An air-cooled motorcycle engine loses a significant amount of heat through thermal radiation according to the Stefan-Boltzmann equation. Assume that the ambient temperature is T0 = 22.3°C (295.45 K). Suppose the engine generates 13.5 hp (10.07 kW) of power and, due to several deep surface fins, has a surface area of A = 0.530 m2. A shiny engine has an emissivity e = 0.0490, whereas an engine that is painted black has e = 0.950.

Question

An air-cooled motorcycle engine loses a significant amount of heat through thermal radiation according to the Stefan-Boltzmann equation. Assume that the ambient temperature is T0 = 22.3°C (295.45 K). Suppose the engine generates 13.5 hp (10.07 kW) of power and, due to several deep surface fins, has a surface area of A = 0.530 m2. A shiny engine has an emissivity e = 0.0490, whereas an engine that is painted black has e = 0.950.

a) Determine the equilibrium temperature (in K) for the shiny engine. (Assume that radiation is the only mode by which heat is dissipated from the engine.)

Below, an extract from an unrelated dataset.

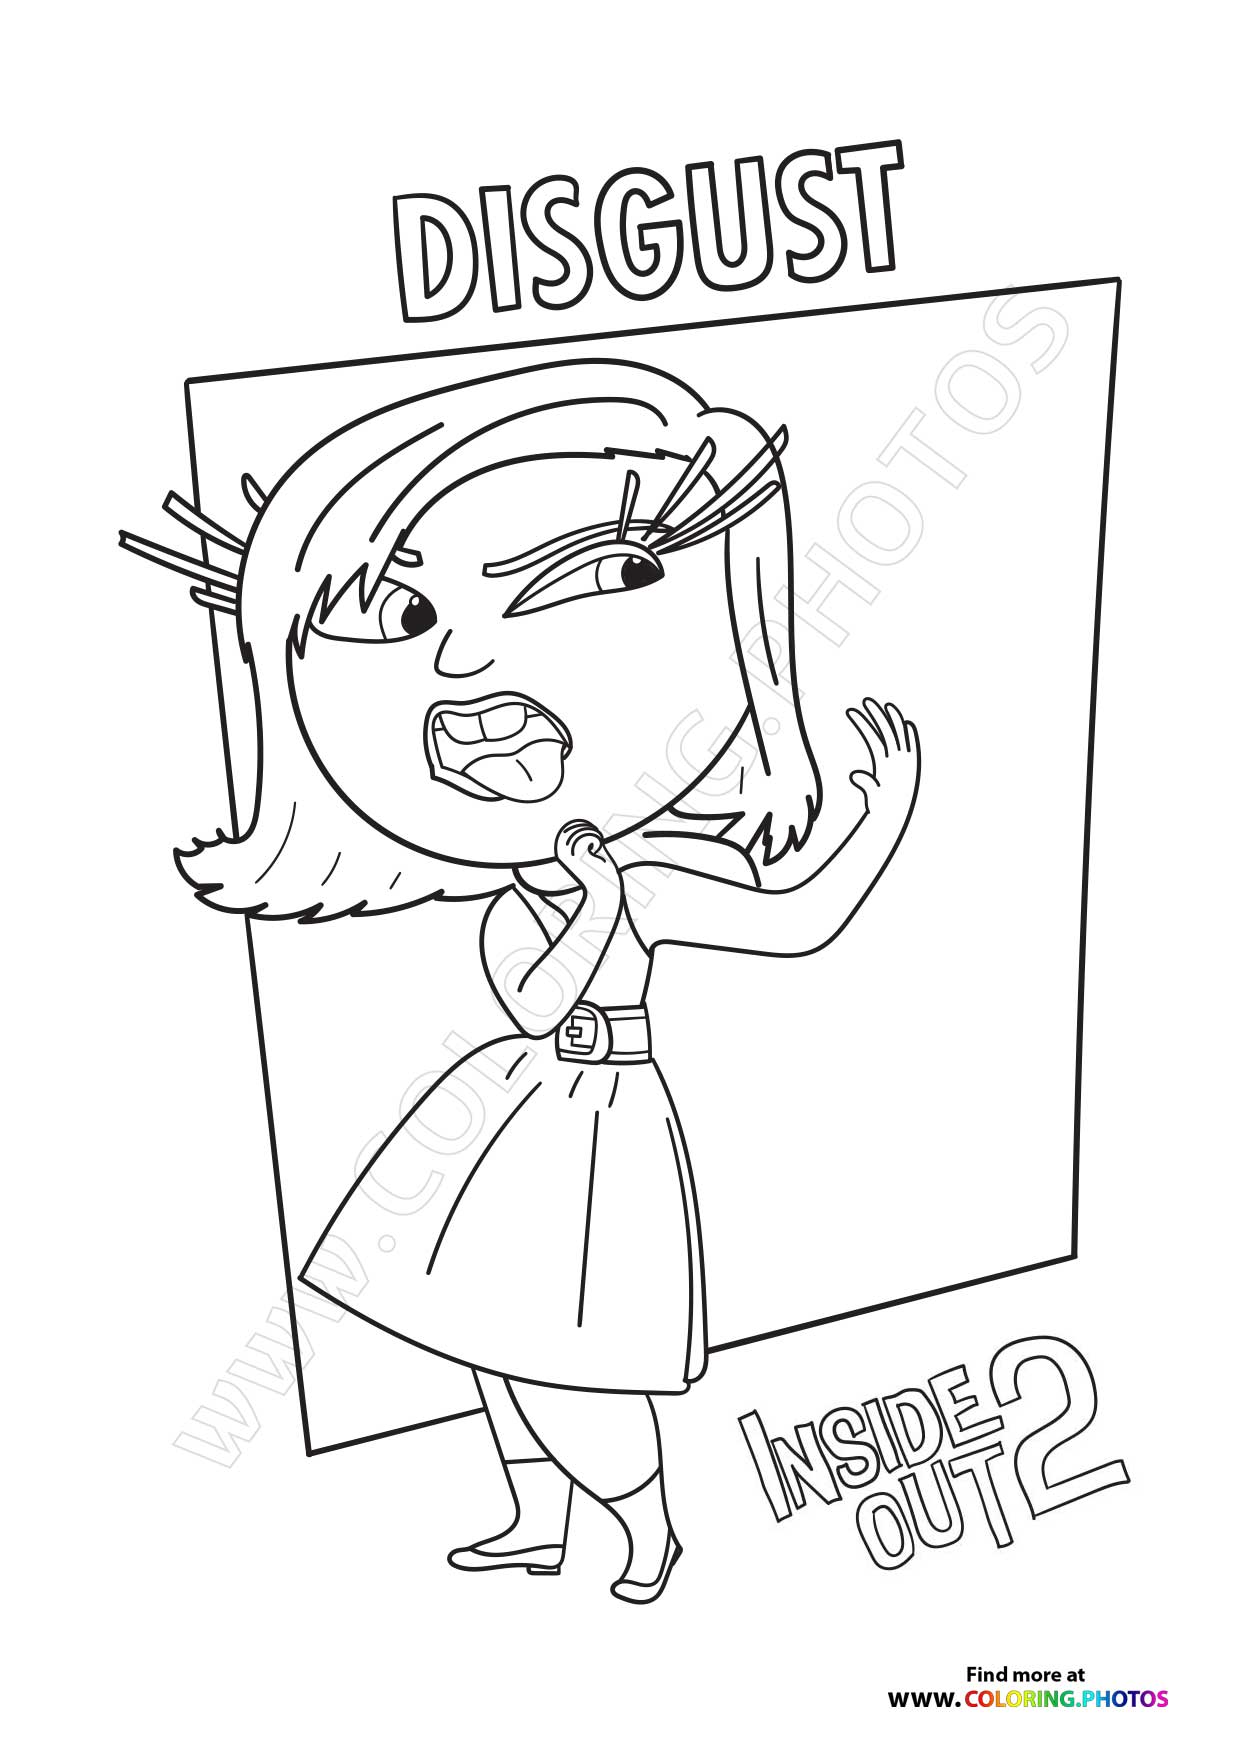 Disgust Inside Out 2 - Coloring Pages ...

b) And determine the equilibrium temperature (in K) for the black engine.

Answer 1

To solve this problem, we will use the Stefan-Boltzmann equation, which relates the power radiated by an object to its surface area, temperature, and emissivity. The equation is given by:

P = εσAT^4

where P is the power radiated, ε is the emissivity of the surface, σ is the Stefan-Boltzmann constant (equal to 5.67 × 10^-8 W/(m^2·K^4)), A is the surface area, and T is the temperature in Kelvin.

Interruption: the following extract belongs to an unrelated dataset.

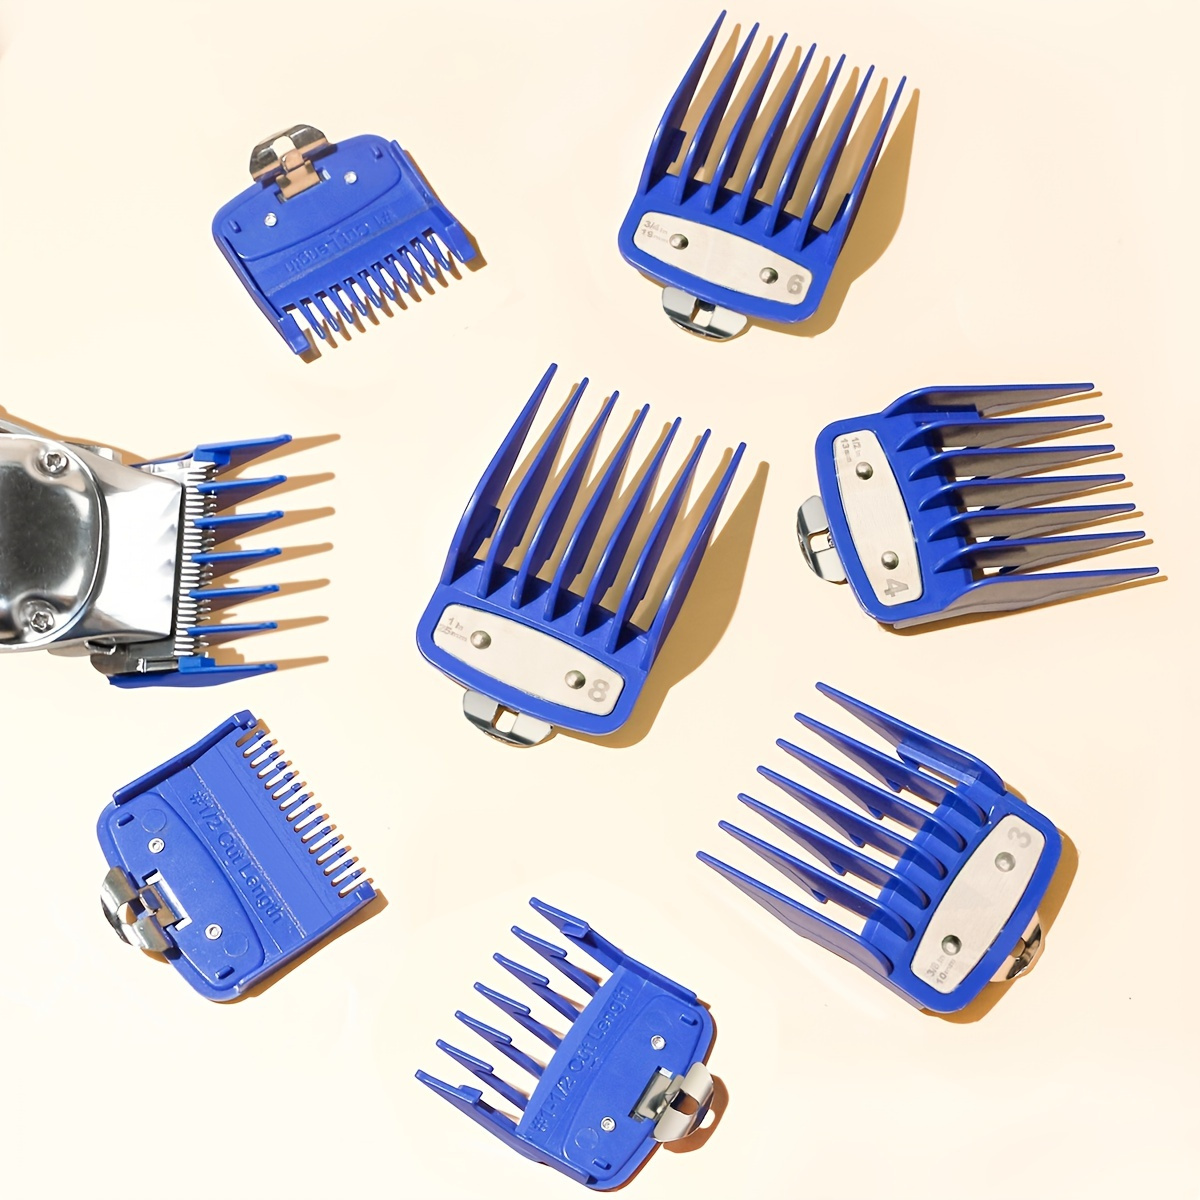 

8pcs Professional Universal Hair Clipper Guards Hair Clipper Limit Comb Barber Clipper Guard Combs Attachment Replacement Push Shear Tool Universal Size 4.5*3.8mm

a) To find the equilibrium temperature for the shiny engine, we need to determine the power radiated by the engine and set it equal to the power generated by the engine:

P_radiated = P_generated

Since radiation is the only mode of heat dissipation, P_generated is equal to the power generated by the engine:

P_generated = 10.07 kW = 10,070 W

Now, we can use the Stefan-Boltzmann equation to find the radiated power for the shiny engine:

P_radiated = εσAT^4

Substituting the given values:

10,070 W = (0.0490)(5.67 × 10^-8 W/(m^2·K^4))(0.530 m^2)(T_shiny)^4

Simplifying the equation, we get:

T_shiny = (10,070 W / (0.0490)(5.67 × 10^-8 W/(m^2·K^4))(0.530 m^2))^(1/4)

Using a calculator to evaluate the right-hand side of the equation, we find:

T_shiny ≈ 339.7 K

Therefore, the equilibrium temperature for the shiny engine is approximately 339.7 Kelvin.

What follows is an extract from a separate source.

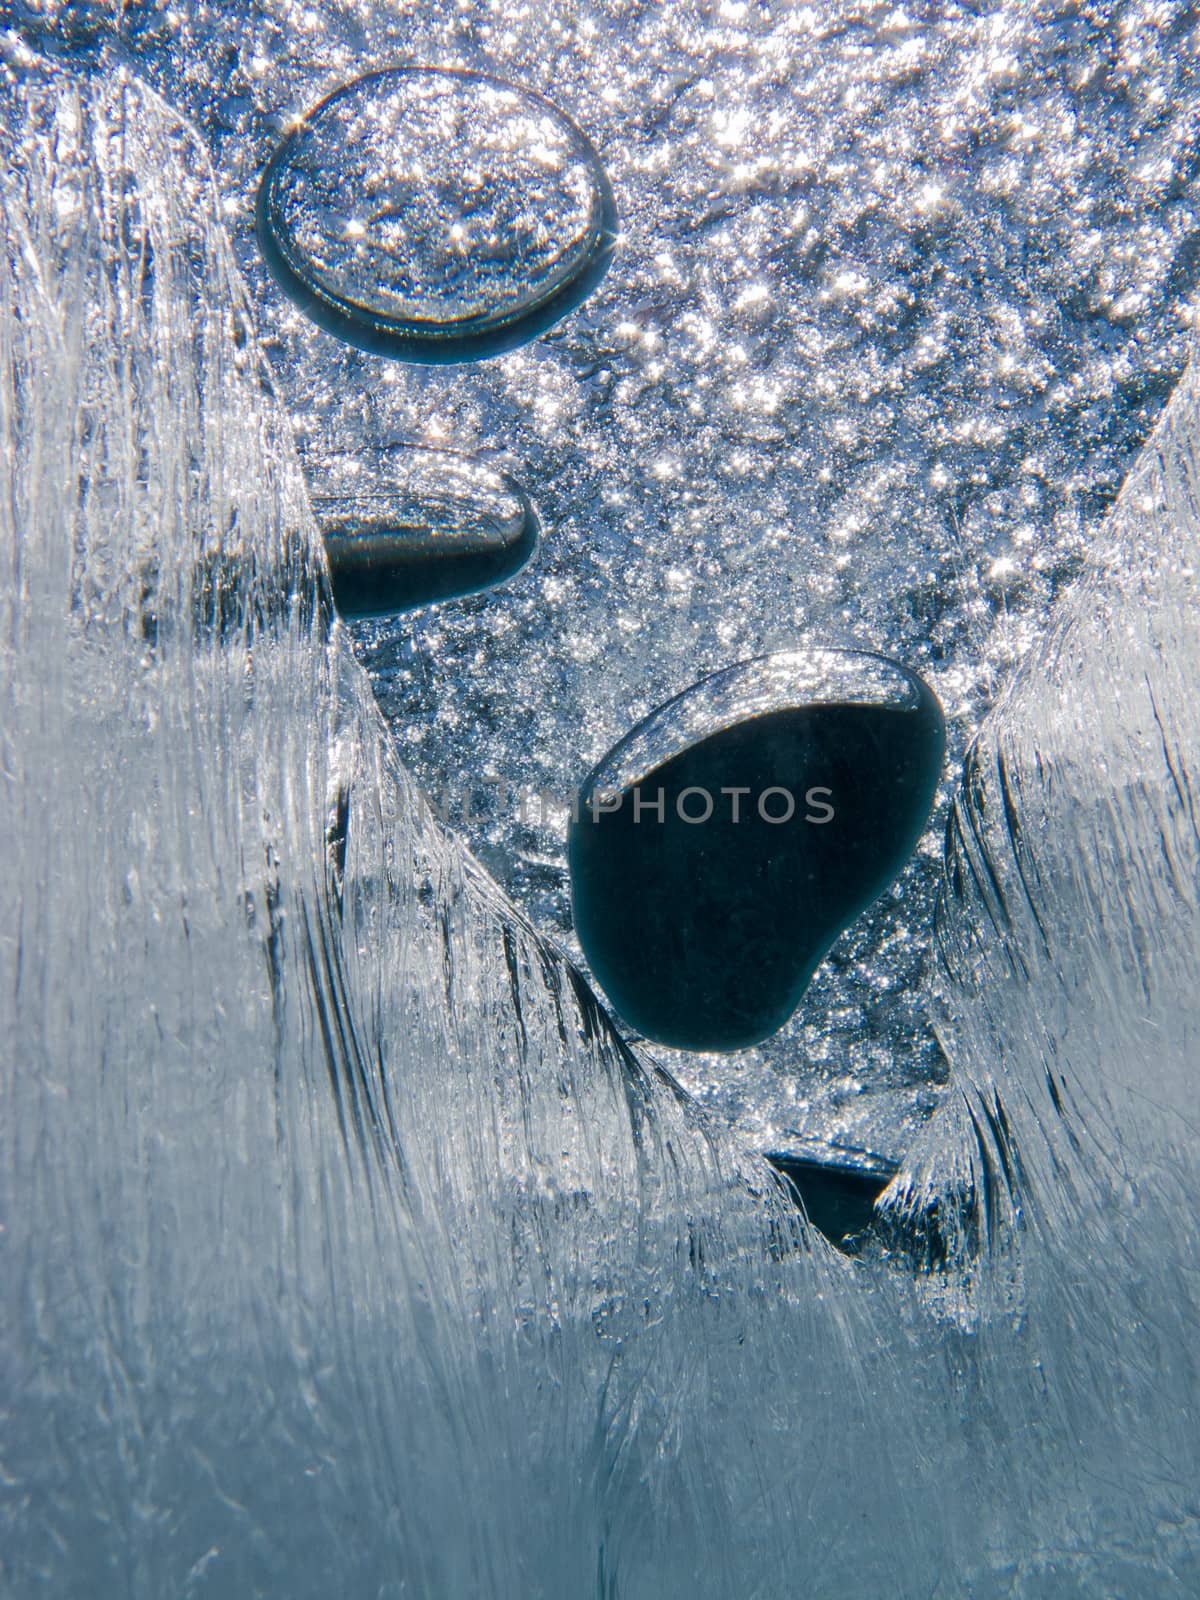 Air bubbles trapped under frozen ice surface by PiLens

b) To find the equilibrium temperature for the black engine, we follow the same procedure as before, but now we use the emissivity value for the black surface (e = 0.950):

P_radiated = εσAT^4

10,070 W = (0.950)(5.67 × 10^-8 W/(m^2·K^4))(0.530 m^2)(T_black)^4

Simplifying the equation, we get:

T_black = (10,070 W / (0.950)(5.67 × 10^-8 W/(m^2·K^4))(0.530 m^2))^(1/4)

Using a calculator to evaluate the right-hand side of the equation, we find:

T_black ≈ 319.3 K

Therefore, the equilibrium temperature for the black engine is approximately 319.3 Kelvin.